The developed magneto-elasto-electric effect equivalent circuit integrates MS and PE constitutive equations, along with an equation of motion to accommodate dynamic effects. Additionally, this circuit model has also optionally considered the bio-loads conjugated to the nanoparticles. Through longitudinal data analysis of cube-shaped MENPs, the model offers insights into the MENPs’ characteristics under different conditions. Looking ahead, there is potential for further refinement and expansion of this model.
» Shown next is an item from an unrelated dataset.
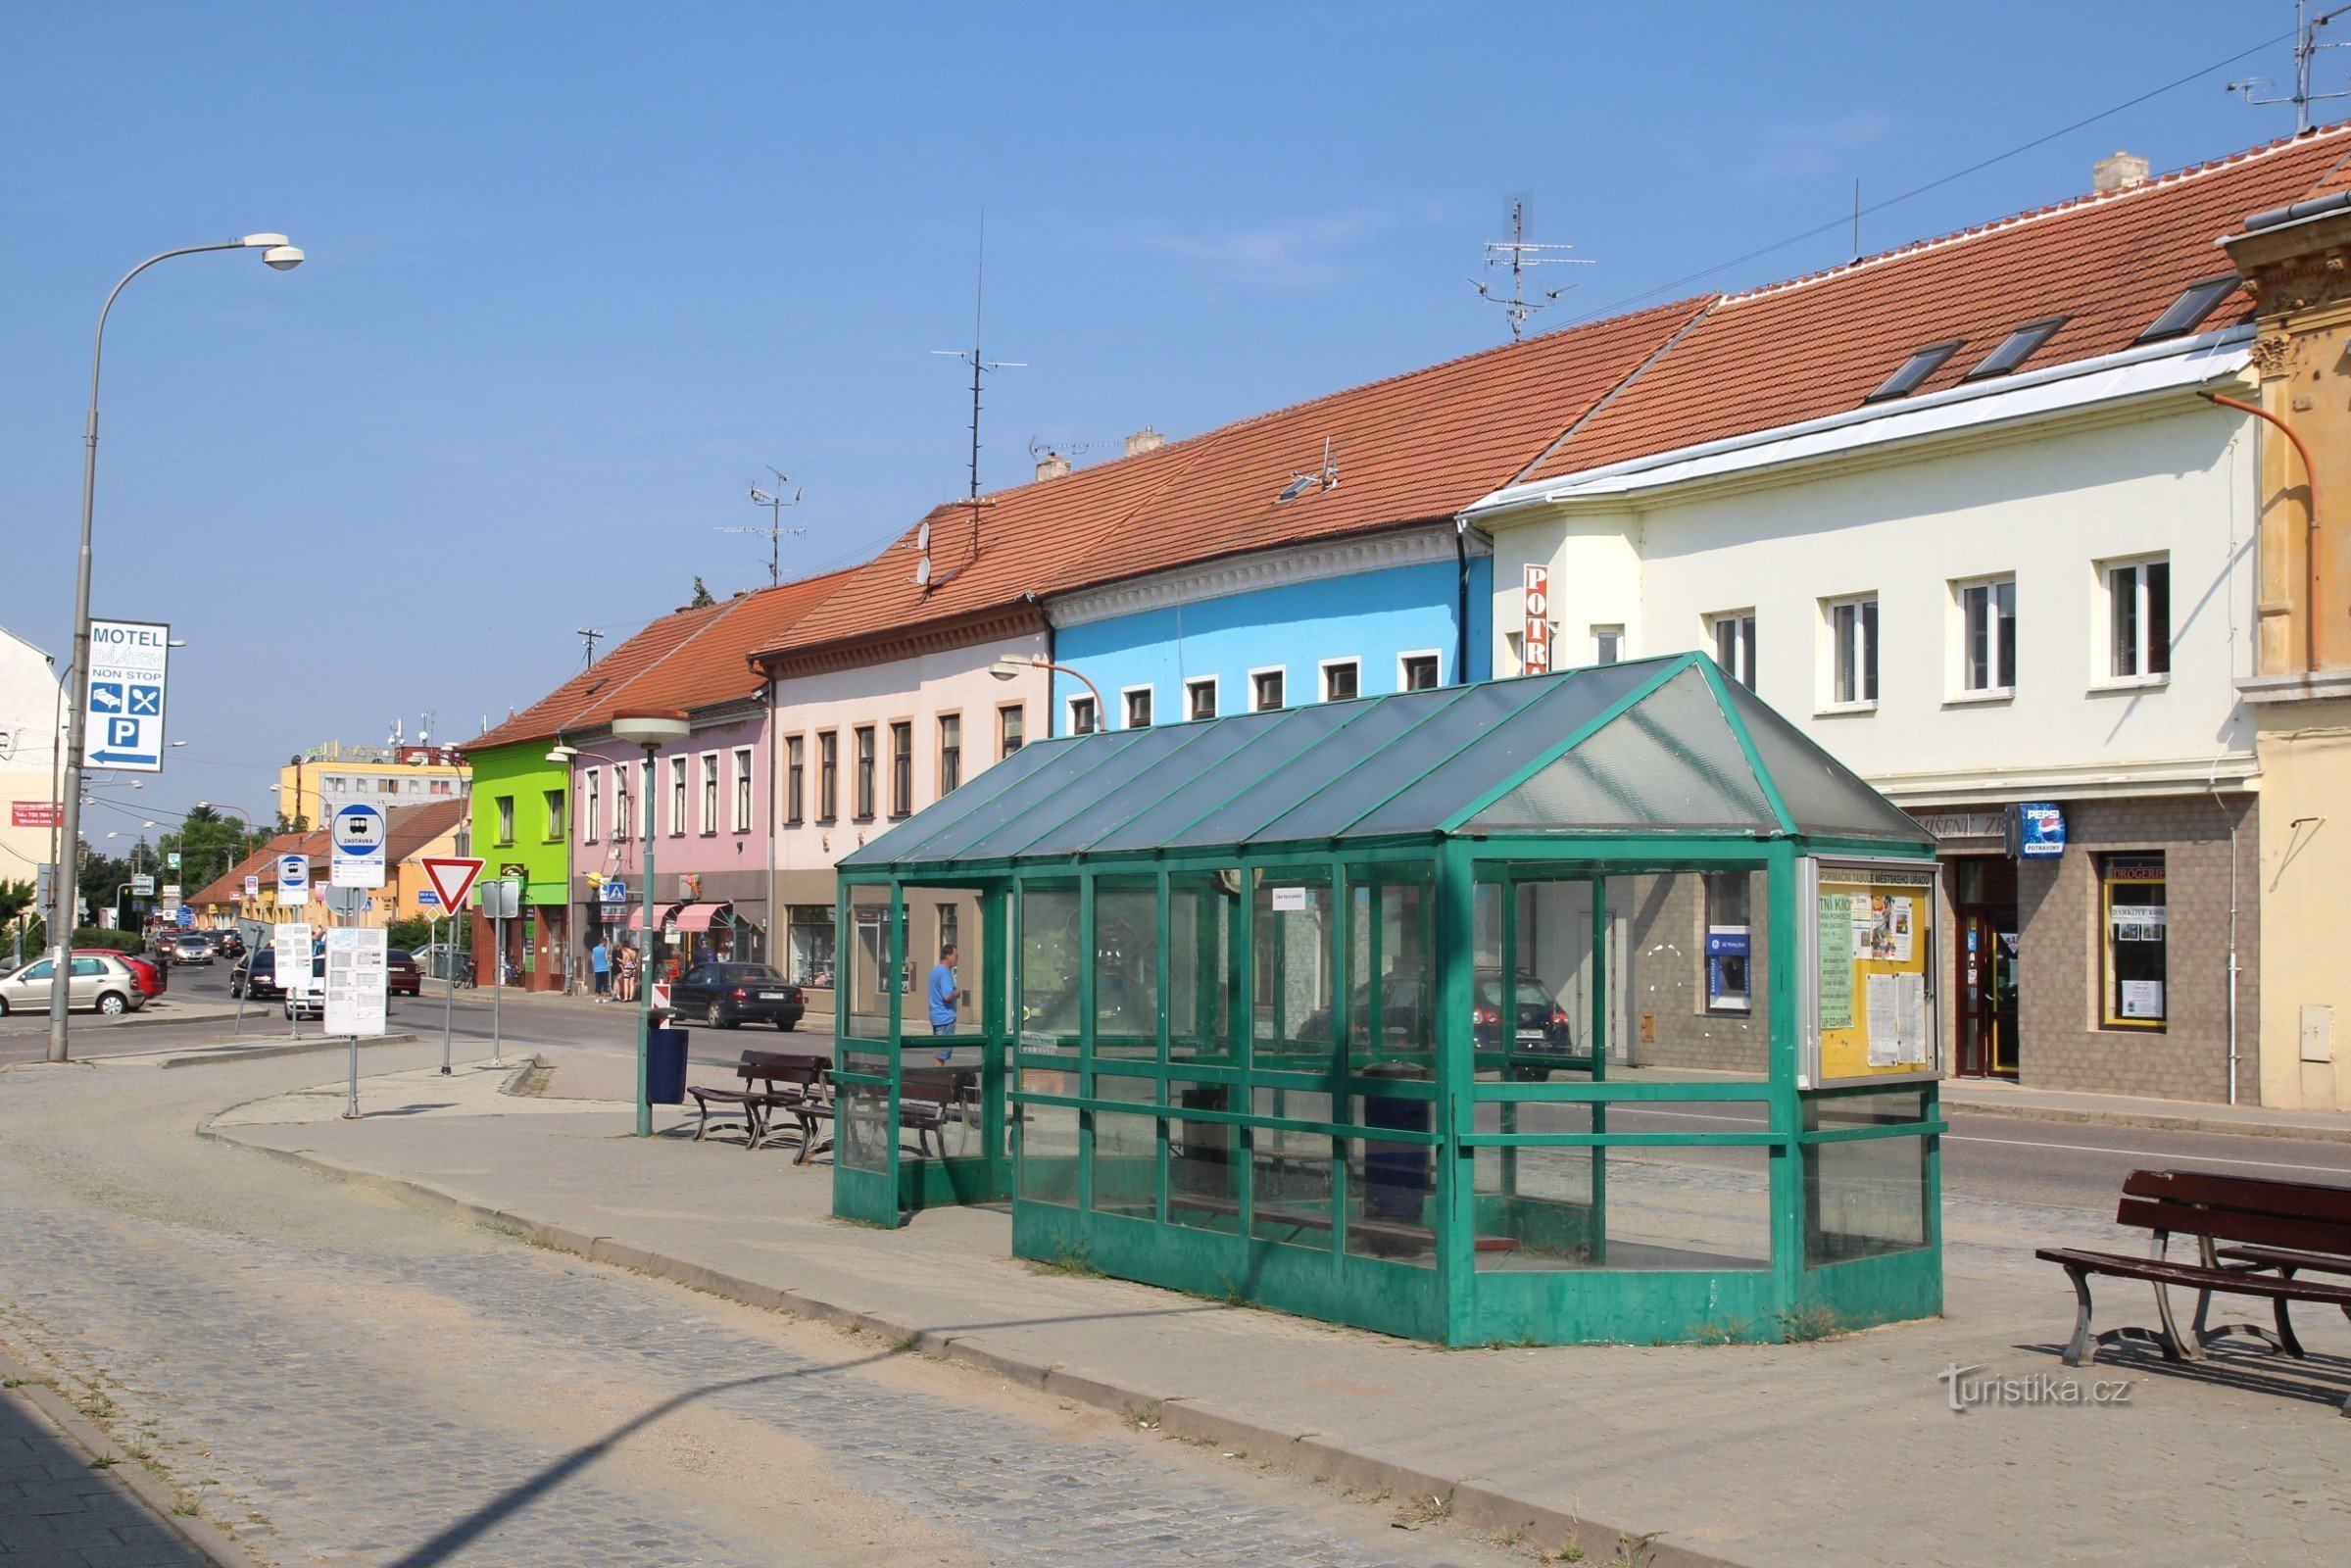 Pohořelice - bus station

Future studies could incorporate intrinsic composition-specific resonances, such as the ferromagnetic resonance in the MS component and the ferroelectric resonance in the PE component. This equivalent circuit model can deepen the general understanding of fundamental biological processes that may be intelligently and wirelessly controlled using MENPs, leveraging specific spatiotemporal patterns of magnetic and electric fields. Overall, this study contributes to the ongoing exploration of MENPs and their potential applications in biomedical contexts. The development of robust equivalent circuit models lays the foundation for future investigations and paves the way for innovative approaches to control and manipulate biological systems with unprecedented precision.